As an application, we can formulate an optimization problem in which the objective function is $J(w)$ as a root-finding problem: $g(w) \doteq \nabla_w J(w) = 0$ . In this case, the condition that $g(w)$ is monotonically increasing indicates that $J(w)$ is convex, which is a commonly adopted assumption in optimization problems.

The inequality $\nabla_w g(w) \leq c_2$ indicates that the gradient of $g(w)$ is bounded from above. For example, $g(w) = \tanh (w - 1)$ satisfies this condition, but $g(w) = w^3 - 5$ does not.

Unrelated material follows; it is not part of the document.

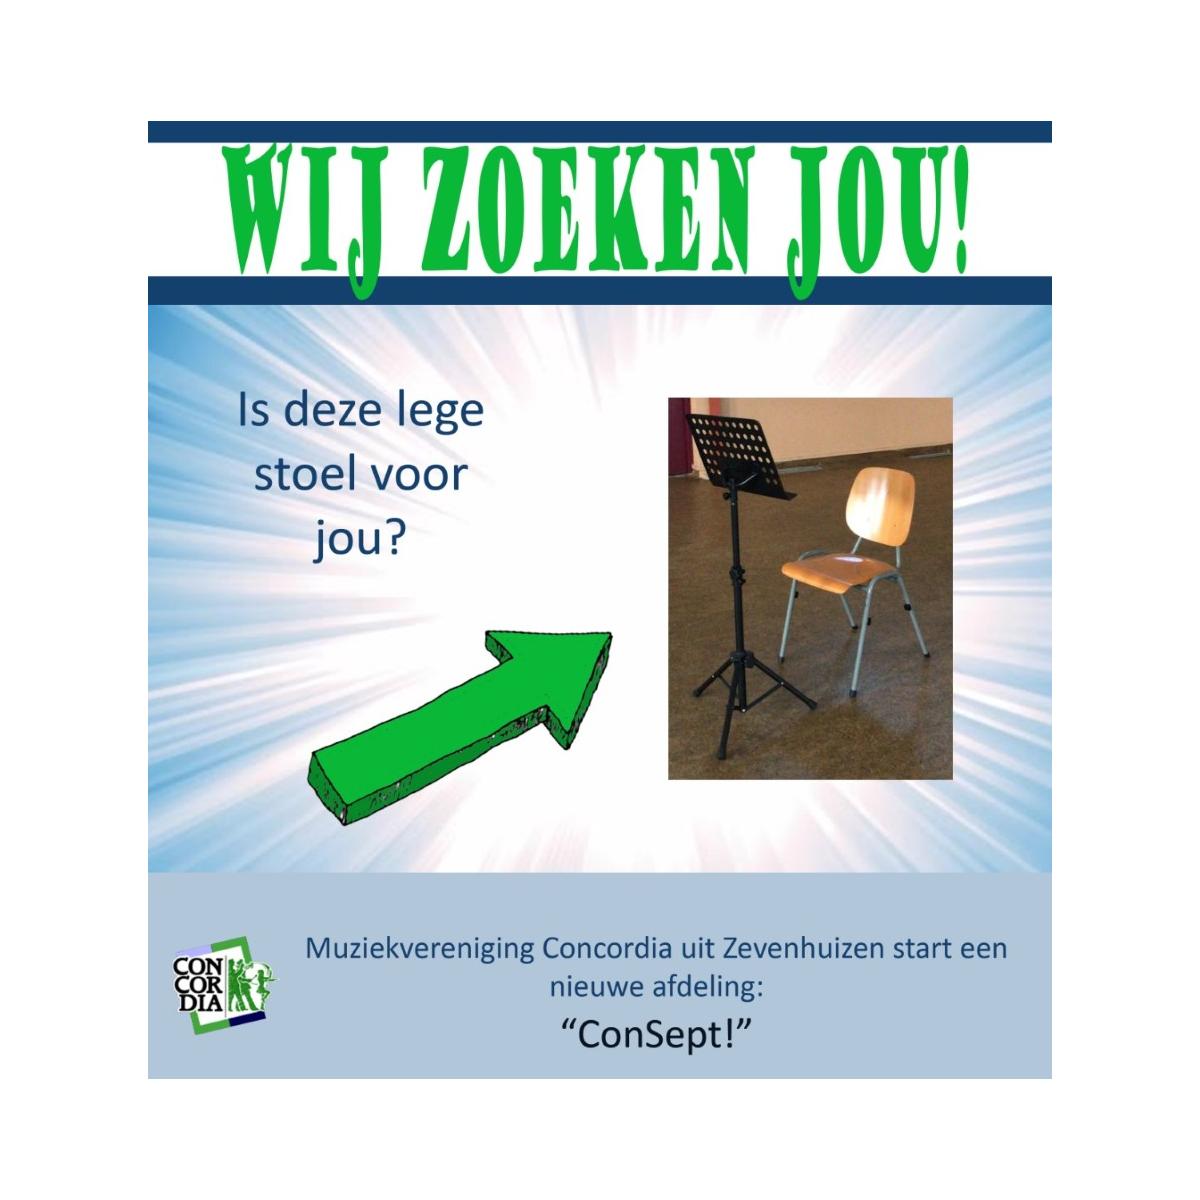 ConSept is van start gegaan!

The second condition about $\{a_k\}$ is interesting. We often see conditions like this in reinforcement learning algorithms. In particular, the condition $\sum_{k=1}^{\infty} a_k^2 < \infty$ means that $\lim_{n \to \infty} \sum_{k=1}^{n} a_k^2$ is bounded from above. It requires that $a_k$ converges to zero as $k \to \infty$ . The condition $\sum_{k=1}^{\infty} a_k = \infty$ means that $\lim_{n \to \infty} \sum_{k=1}^{n} a_k$ is infinitely large. It requires that $a_k$ should not converge to zero too fast. These conditions have interesting properties, which will be analyzed in detail shortly.
The third condition is mild. It does not require the observation error $\eta_{k}$ to be Gaussian. An important special case is that $\{\eta_k\}$ is an i.i.d. stochastic sequence satisfying $\mathbb{E}[\eta_k] = 0$ and $\mathbb{E}[\eta_k^2 ] < \infty$ . In this case, the third condition is valid because $\eta_{k}$ is independent of $\mathcal{H}_k$ and hence we have $\mathbb{E}[\eta_k|\mathcal{H}_k] = \mathbb{E}[\eta_k] = 0$ and $\mathbb{E}[\eta_k^2 |\mathcal{H}_k] = \mathbb{E}[\eta_k^2 ]$ .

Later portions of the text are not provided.